# Removing Paper Wasps Near Honey Bee Hive



## randydrivesabus (Apr 27, 2006)

put on your bee suit and get something with a long handle and knock them down. 
i get them setting up shop in my greenhouse and i just knock down the nest and run.


----------



## Scrapfe (Jul 25, 2008)

*$2.00 a gallon insect poisen.*



Capricorn said:


> Howdy... I have to walk through the area and do not want to deal with large hives thinking it is there home. What is the best way to deal with this knowing the honeybee hive is right next door? In the past I always sprayed wasp nests. ... the nests are about 12 feet high under the vents at the top of the storage area (peak of the roof). What's my best option you think? Thanks.

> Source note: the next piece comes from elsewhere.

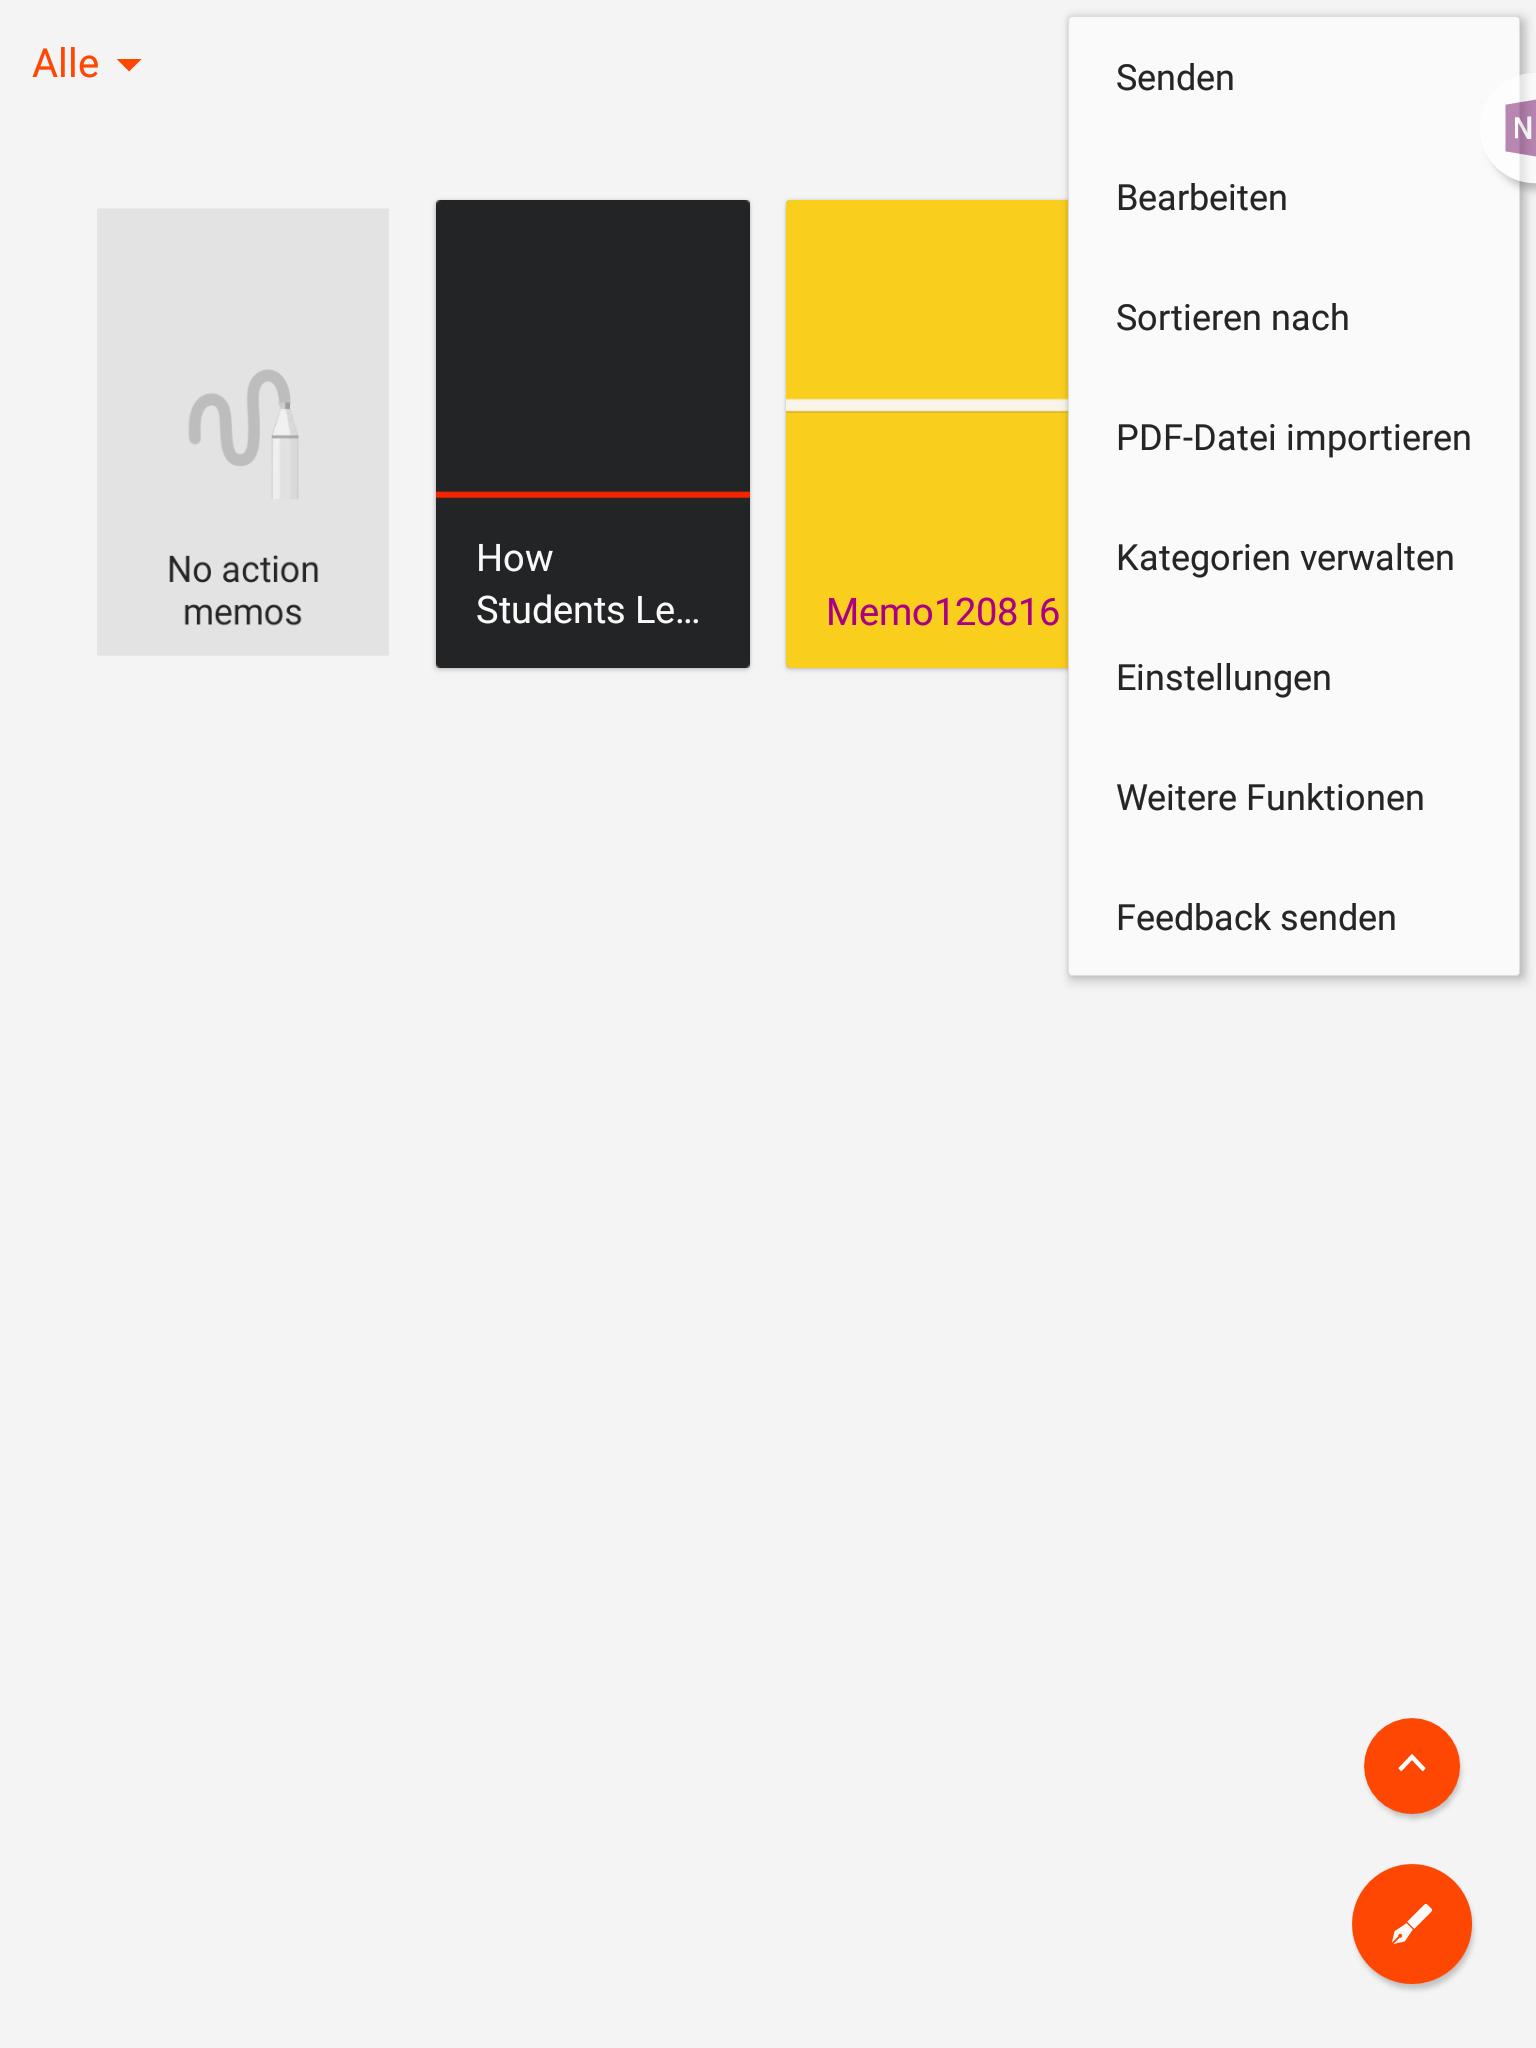 PDF importieren
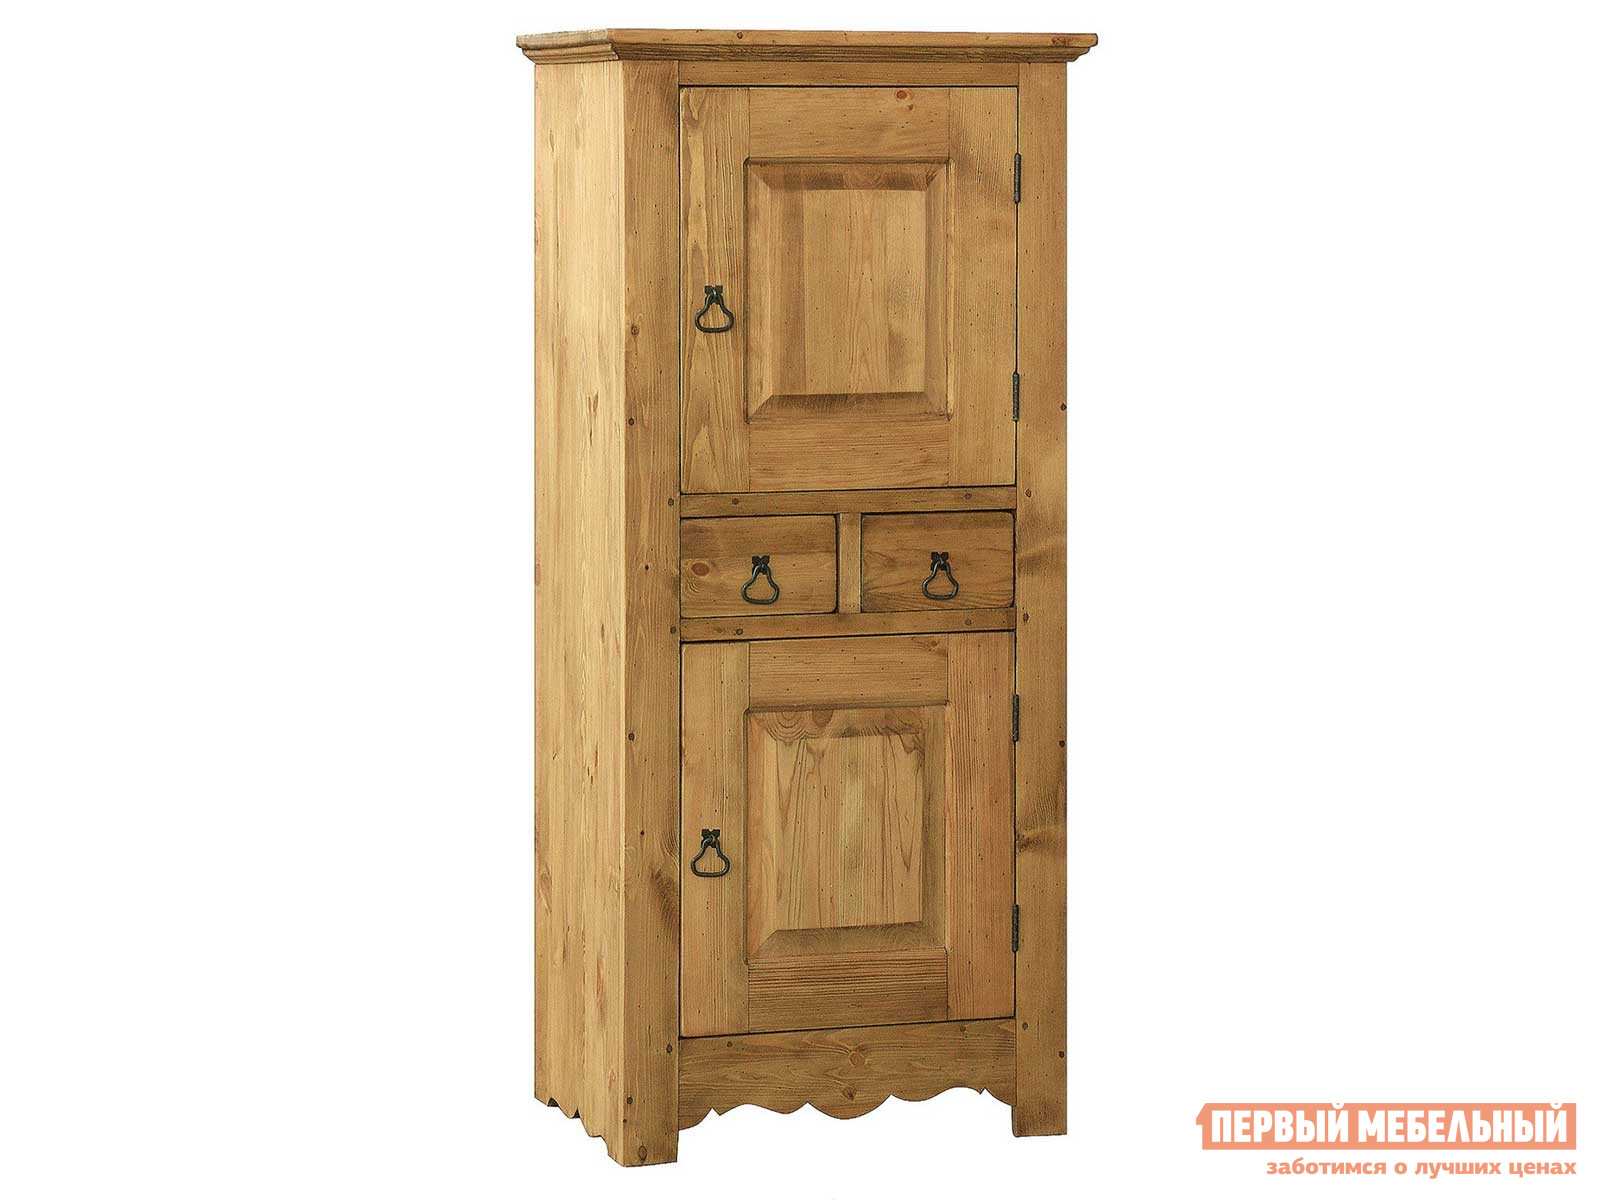 Шкаф распашной Волшебная сосна HOMME DEBOUT portes pleines (HOM.DEB.PP) барный шкаф волшебная сосна bar ouvrant barouv

In my quite extensive experience with paper wasp nests, 97 octane unleaded gasoline is hard to beat. YOU DO NOT WANT THE GASOLINE TO IGNITE. Do not use this inside, or around an open flame or other ignition sources. Also consider the materials and plants in the area. Gasoline would be a very poor chose around styrofoam lets say or above your tomato plants etc. But for killing wasps FAST and EASY 2-8 ounces of gasoline in an old tin can will kill any paper wasp nest it can be DIRECTLY dashed on, at least as quickly as a thermonuclear explosion and without destroying the neighborhood. Afterwards a quick squirt & wash down with a garden hose will remove the gas and no lingering poisen for your bees to get into. Also no trap bait aroma to attract other more unsavory insects like hornets to your hives. Then again you could take up brem fishing and learn to love Brer Wasp.


----------



## D Coates (Jan 6, 2006)

Sprayed soapy water does wonders. The foam keeps them from flying and it breaks the surface tension they rely upon to stay dry. In short they usually drown and those that don't can't fly so you step on them. Problem solved.


----------



## Capricorn (Apr 20, 2009)

D Coates said:


> Sprayed soapy water does wonders.


What are you using to spray the soapy water? I heard this as well, and when it first started getting up above 55, and the wasps were starting to scout, I filled a cheap 1$ spray bottle with soapy water. Used this quite a bit to try and soak wasps flying around my outside work areas during the day. I don't think I really got but one or two of them. And there were a few dozen that I tried to get with it..


----------



## Capricorn (Apr 20, 2009)

Scrapfe said:


> In my quite extensive experience with paper wasp nests, 97 octane unleaded gasoline is hard to beat.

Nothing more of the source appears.